Even though many of the factors with an influence on the dMRI data have been studied before, they have usually been analyzed independently. The combined effects of the acquisition parameters on the scalar measures employed in white matter studies has not been thoroughly studied.

This paper, thus, evaluates the influence of the major DTI acquisition parameters (b-value, number of diffusion orientations and voxel spacing resolution) and the choice of a tractography algorithm on the output of a white matter analysis of some major fiber bundles of the brain using a tract-based approach.

As there are many possible combinations of factors that could be studied, we have centered our efforts on those acquisition parameters that are commonly adjusted when performing DTI scans in clinical applications or DTI group studies, on the one hand, and on those DTI-derived scalar measures that have a clear potential as quantitative biomarkers. There exists previous literature that studies the effect of some parameters independent, but the main contribution of this paper is to show the combined effect of these three main acquisition parameters.

Nevertheless, more information about other possible combinations of parameters can be found on the supplementary information that accompanies this paper: the MATLAB data in S2 File and the tables in S3 File.

A glossary of the terms employed on this paper can be seen in Table 2.

Materials and Methods

The main objective of this paper is the quantification of the variability of the scalar measures most commonly employed in clinical studies as a function of the acquisition parameters. To that end, data sets from 13 different control subjects obtained with different combinations of the acquisition parameters are considered. Scalar measures were derived from two major white matter fiber bundles (Corpus Callosum and Cingulum) from the results of two different tractography algorithms: a streamline Runge-Kutta tractography (RKT) algorithm and a global tractography (GT) algorithm [23].

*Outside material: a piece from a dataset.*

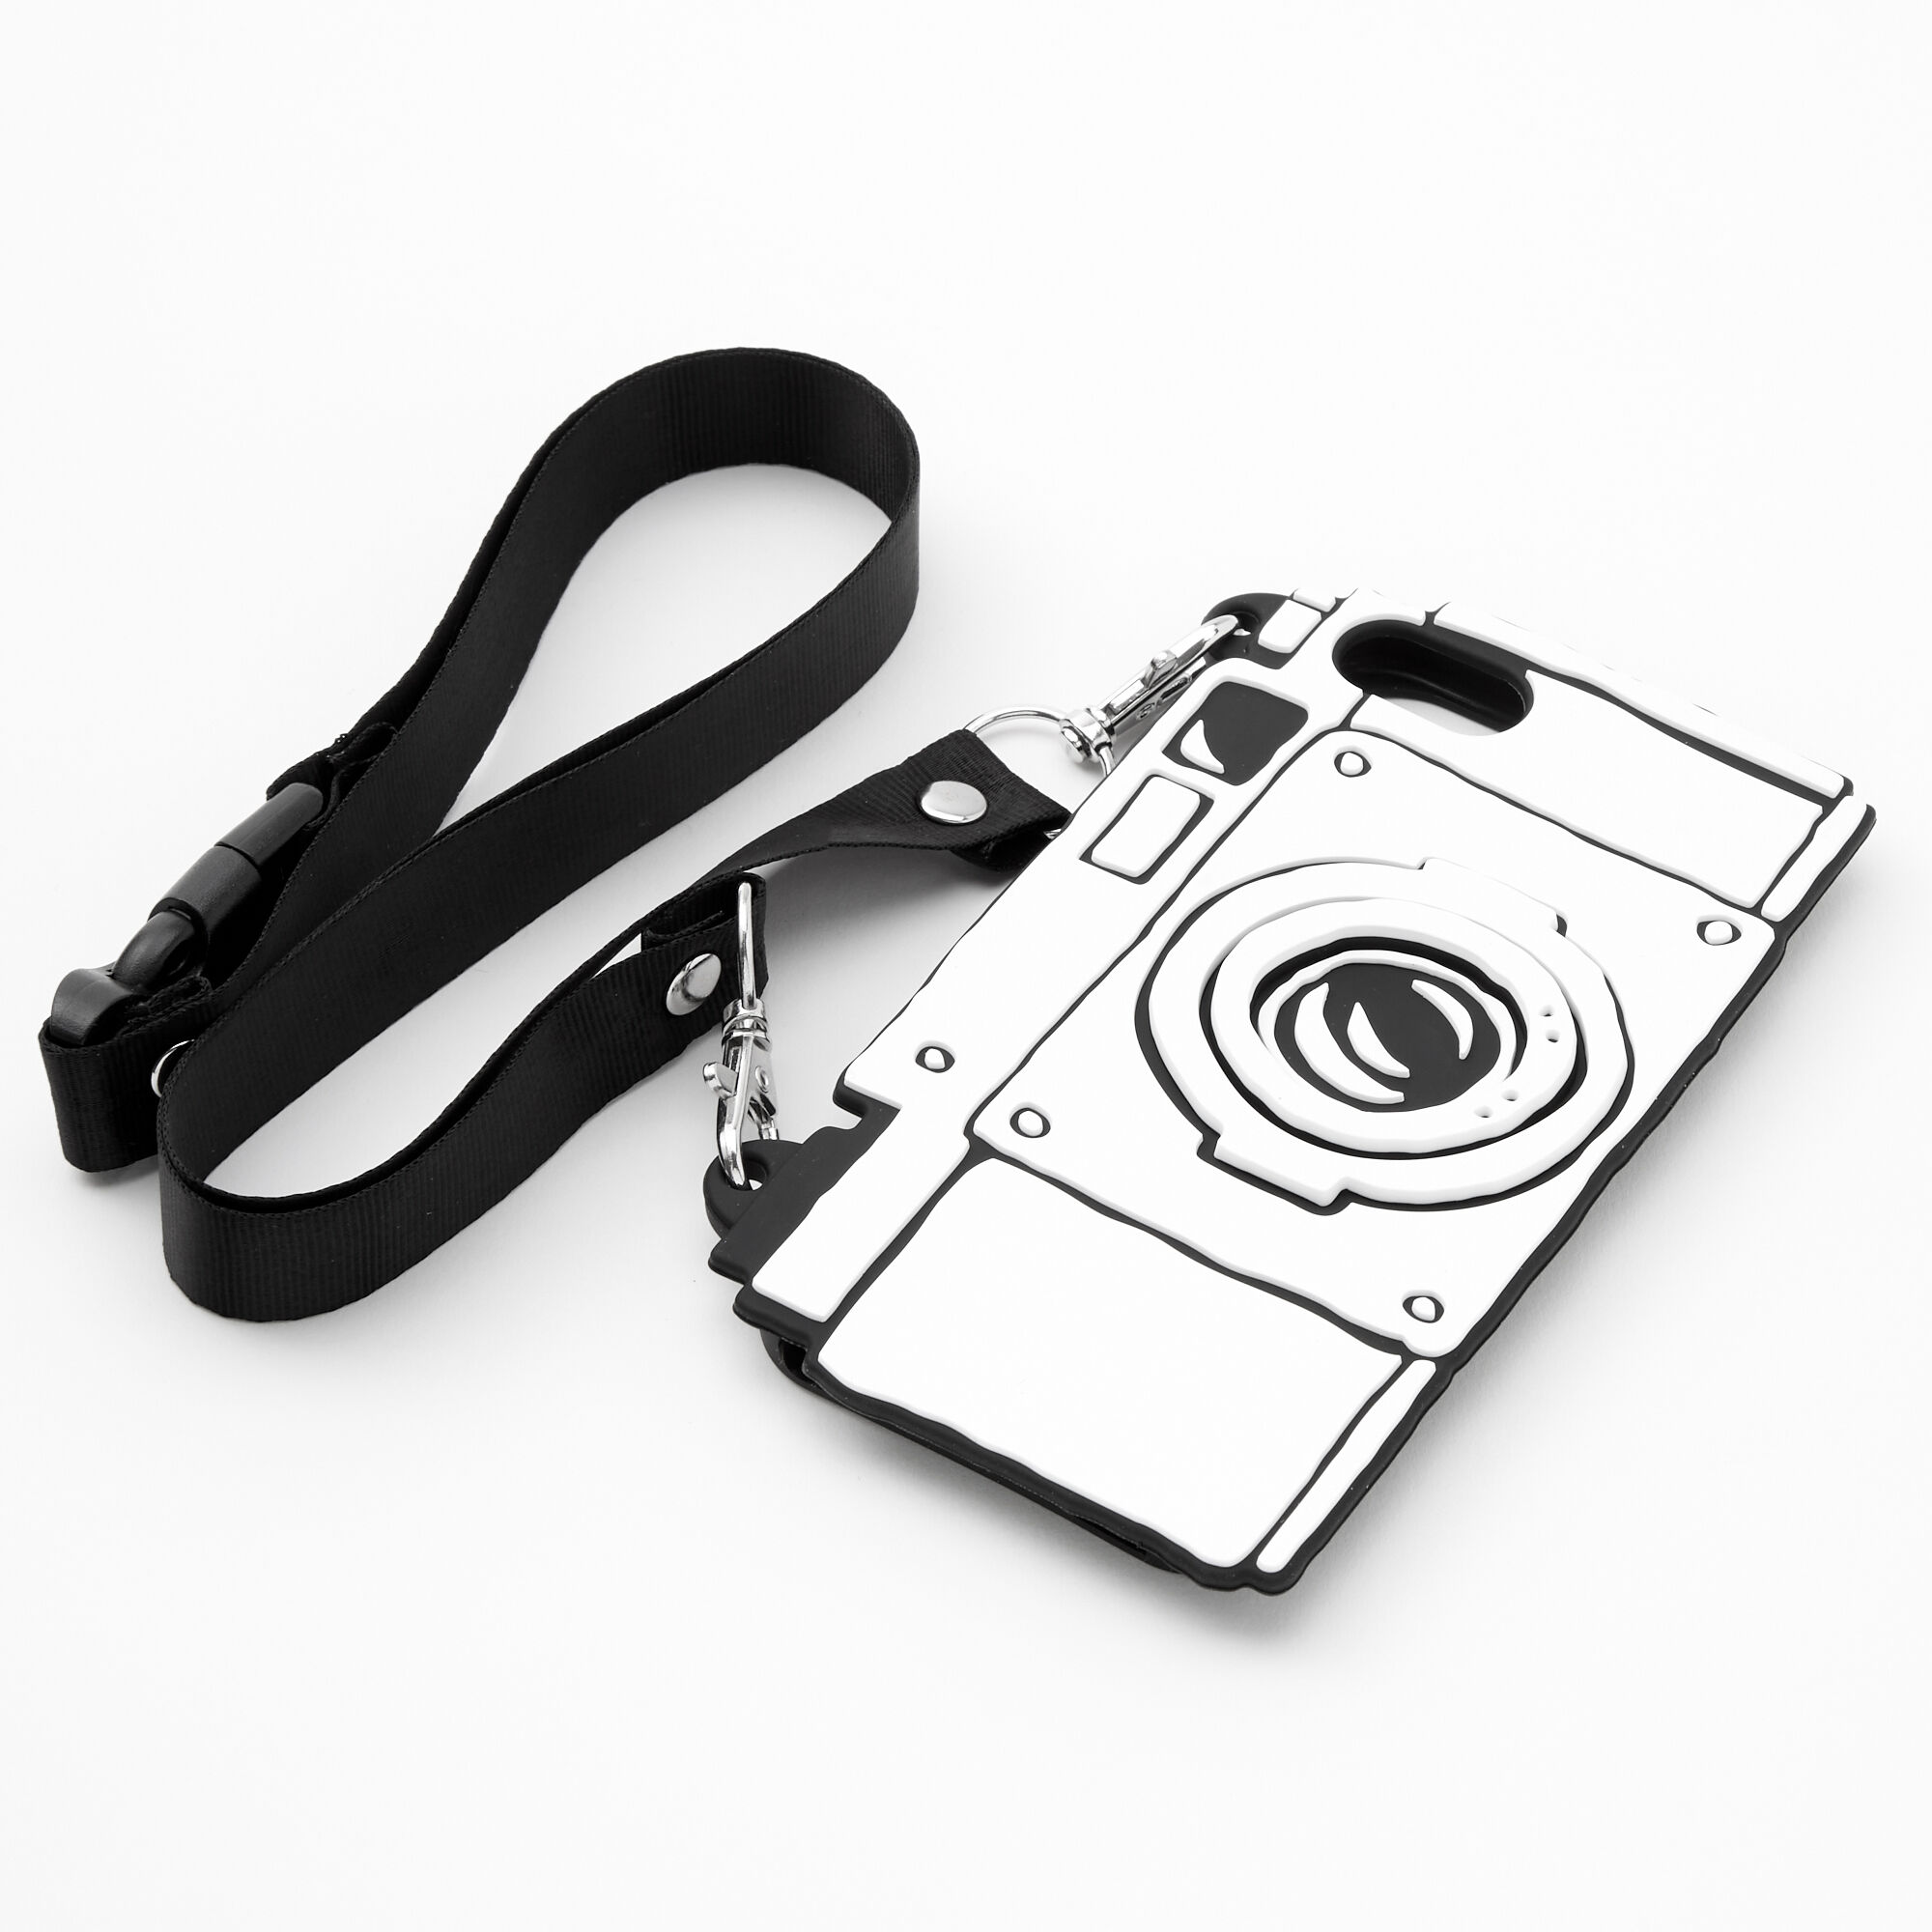 Black & White Camera Silicone Phone Case with Lanyard - Fits iPhone 6/7/8 SE
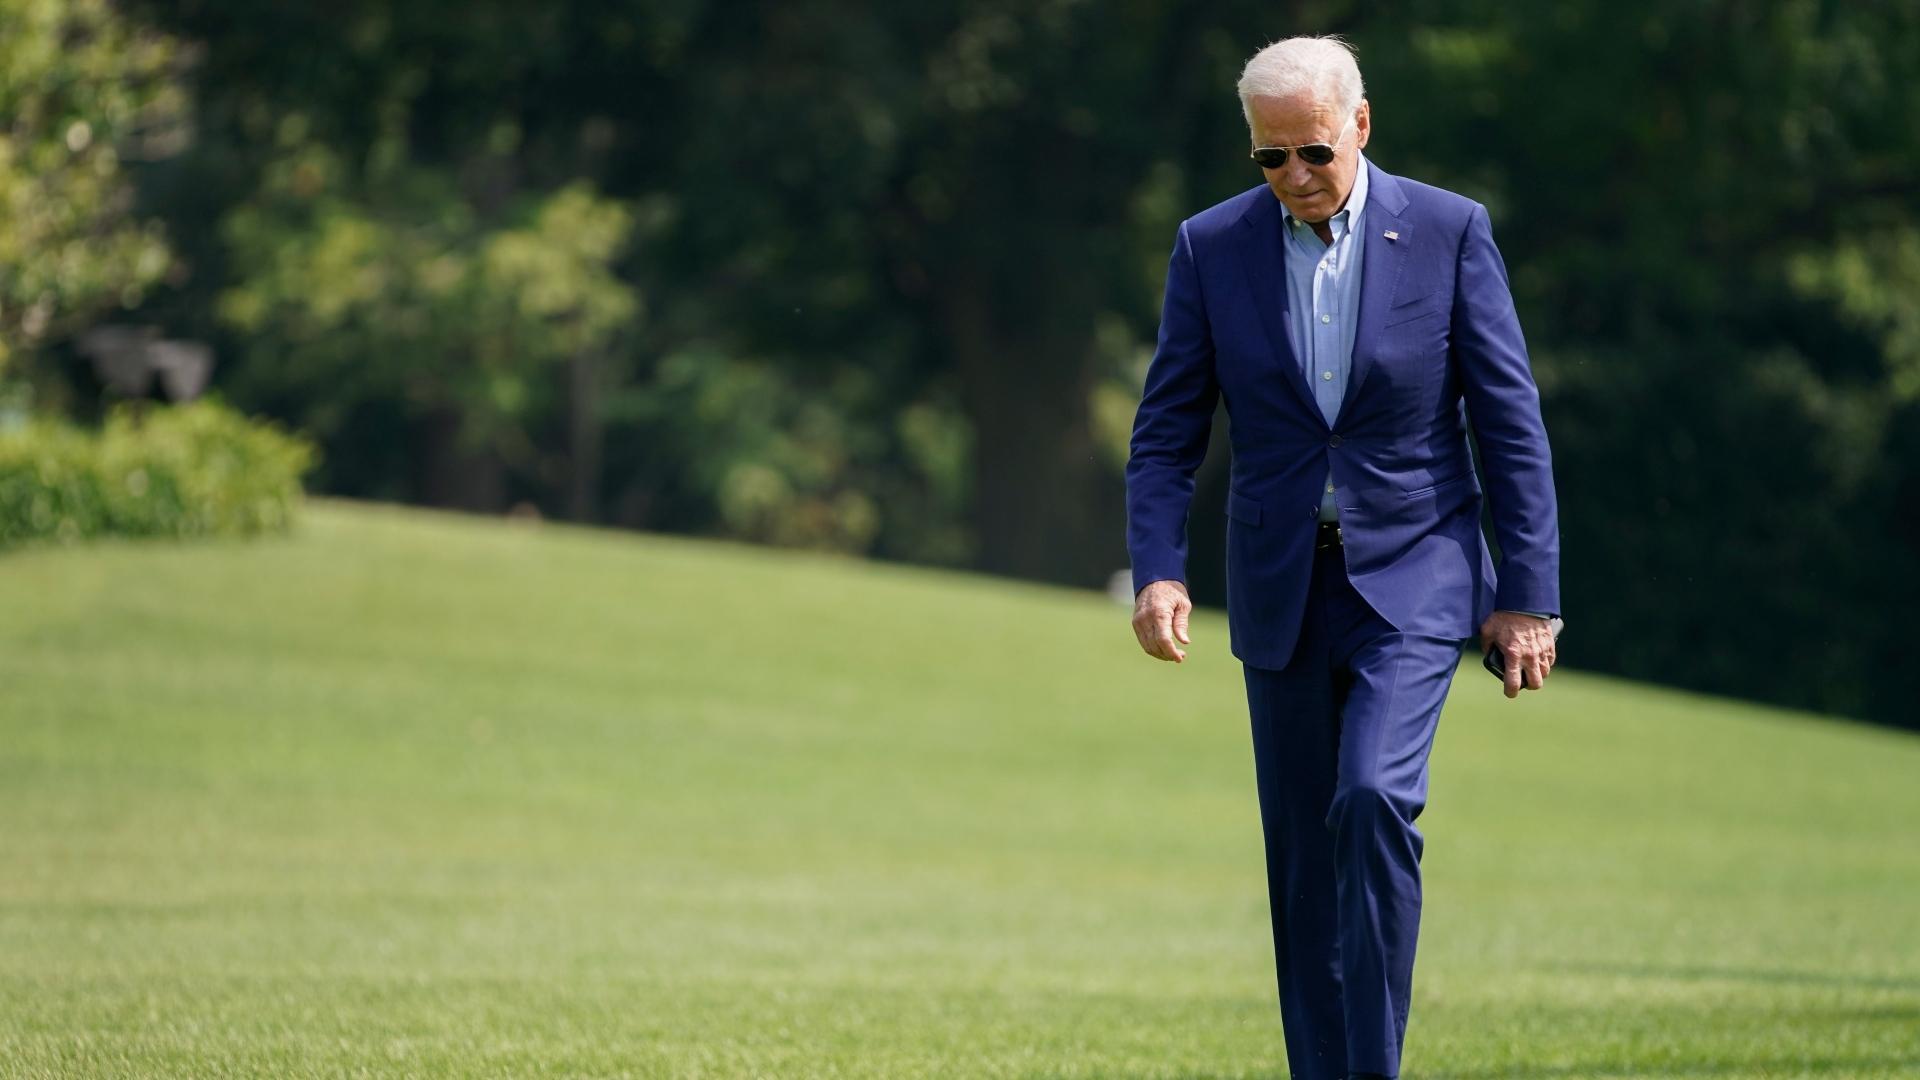 President Joe Biden walks on the South Lawn of the White House after stepping off Marine One, Sunday, July 25, 2021, in Washington. Biden is returning to Washington after spending the weekend in Delaware. (AP Photo / Pablo Martinez Monsivais)

Four DTI scalar measures were considered: Fractional Anisotropy (FA), Mean Diffusivity (MD), Axial Diffusivity (AD) and Radial Diffusivity (RD), as defined in [38]. Additionally, four fiber-related measures were also analyzed: number of fibers obtained by the tractography algorithm, average length of the fiber tracts in each bundle, total volume occupied by the tracts of each bundle and overlapping volume between reconstructions.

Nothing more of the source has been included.